Среди них «Ансар-аль-Сунна» не значится. При этом «брэнд» с таким названием уже не первый год известен по ситуации на Ближнем Востоке. Джамаат «Ансар-аль-Сунна» действует, начиная с сентября 2003 года в северном и в центральном Ираке. Эта организация осуществляет диверсионно-террористическую деятельность против США и их союзников, а также официального Багдада, который поддерживается Западом. До сегодняшнего дня какой-либо релевантной информации, свидетельствующей о прочных или хотя бы фрагментарных связях иракской «Ансар-аль-Сунны с северокавказским подпольем, не имелось.

Во-вторых, свою оценку январскому заявлению о причастности к волгоградским терактам пока что не дали представители российских правоохранительных структур и спецслужб. Не исключено, что оно будет тем или иным образом прокомментировано, но на сегодняшний день таких оценок нет.

В-третьих, не следует забывать о том, что терроризм – это не только взрывы или вооруженные нападения. Не в последнюю очередь это информационная война, особенно в современных реалиях. И целью такой войны является дезориентация не столько представителей власти (которые просто в силу служебных обязанностей гораздо более информированы и готовы к различным вызовам), сколько общества. Важной задачей является формирование представления о всесилии террористов, их поистине глобальных связях и неограниченных возможностях. Для организаторов «великих потрясений» важно представить себя, как своего рода «криптогосударство» или «криптоармию», готовую в любой момент привести в действие свои коварные планы. Конечно же, не стоит исключать и версии о «сетевом пиаре» или банальном хулиганстве на почве алармистских настроений и общественных страхов.

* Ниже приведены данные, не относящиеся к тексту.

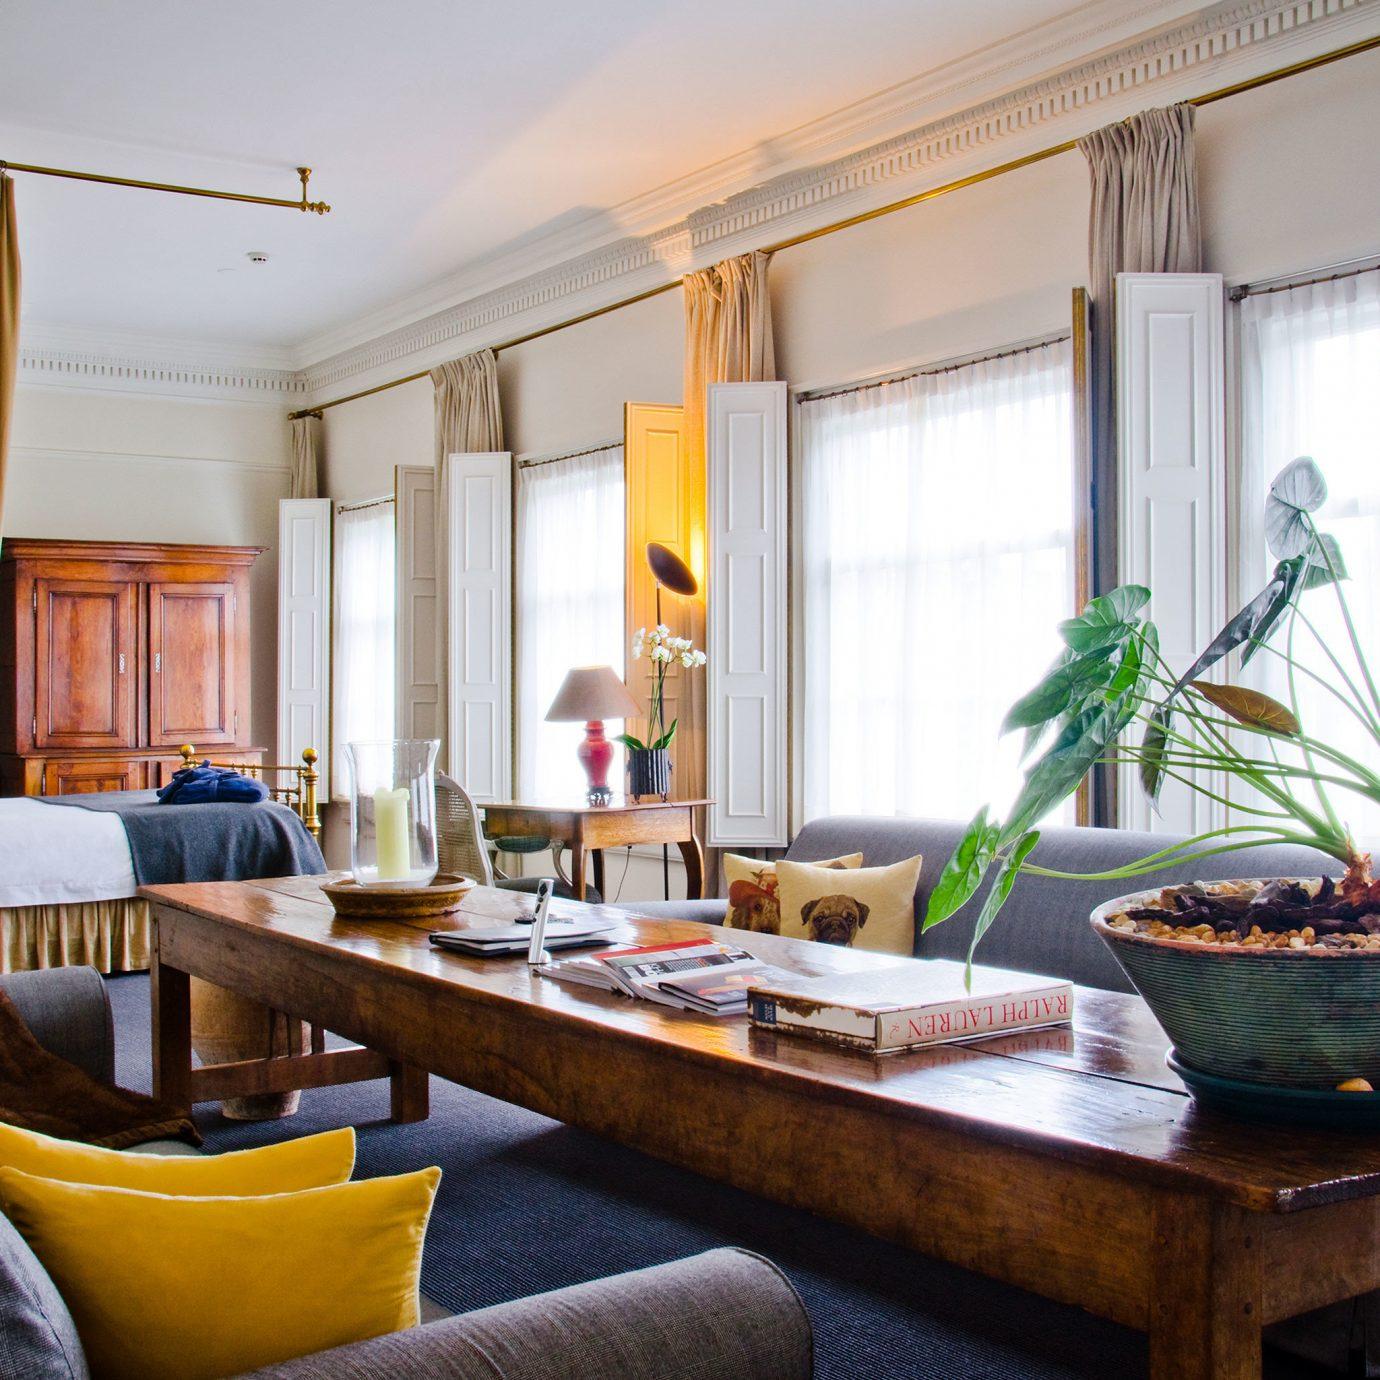 Historic Lounge Luxury Scenic views property living room home condominium house Suite Villa cottage mansion

Как бы то ни было, а информация, появившаяся в Youtube, поднимает несколько важных вопросов, на которые можно сформулировать ответы уже сегодня, не дожидаясь полного ее опровержения или же, напротив, подтверждения.

Волгоградские теракты (а также вооруженное насилие на Северном Кавказе в целом) не единожды рассматривались в контексте возможных внешнеполитических угроз для России. О так называемом «арабском следе» написаны без всякого преувеличения тома литературы. В последнее время активно обсуждается «саудовский фактор» в связи с активной российской политикой на Ближнем Востоке в целом и в Сирии, в частности, а также расхождениями между Москвой и Эр-Риядом по широкому спектру вопросов, начиная с сирийского конфликта и заканчивая «иранским вопросом».

С одной стороны, об участии арабских наемников в деяниях кавказских боевиков говорили неоднократно. В 1990-х – начале 2000-х годов знаковой фигурой «исламистского интернационала» на Северном Кавказе был пресловутый «черный араб» Хаттаб (Хабиб Абдул Рахман, он же «Ахмед Однорукий»). На Северном Кавказе «засветились» такие персонажи, связанные с «Аль-Каидой», как Абу Омар Аль-Сейф, Абу Омар Кувейтский (Абу Дзейт), Муханнад (Абу Анас). Абу Хафс Аль-Урдани, хотя и высказывал публично свои симпатии в адрес Бен Ладена, но никогда не идентифицировал себя с известной террористической сетью. Были и другие фигуры меньшего масштаба.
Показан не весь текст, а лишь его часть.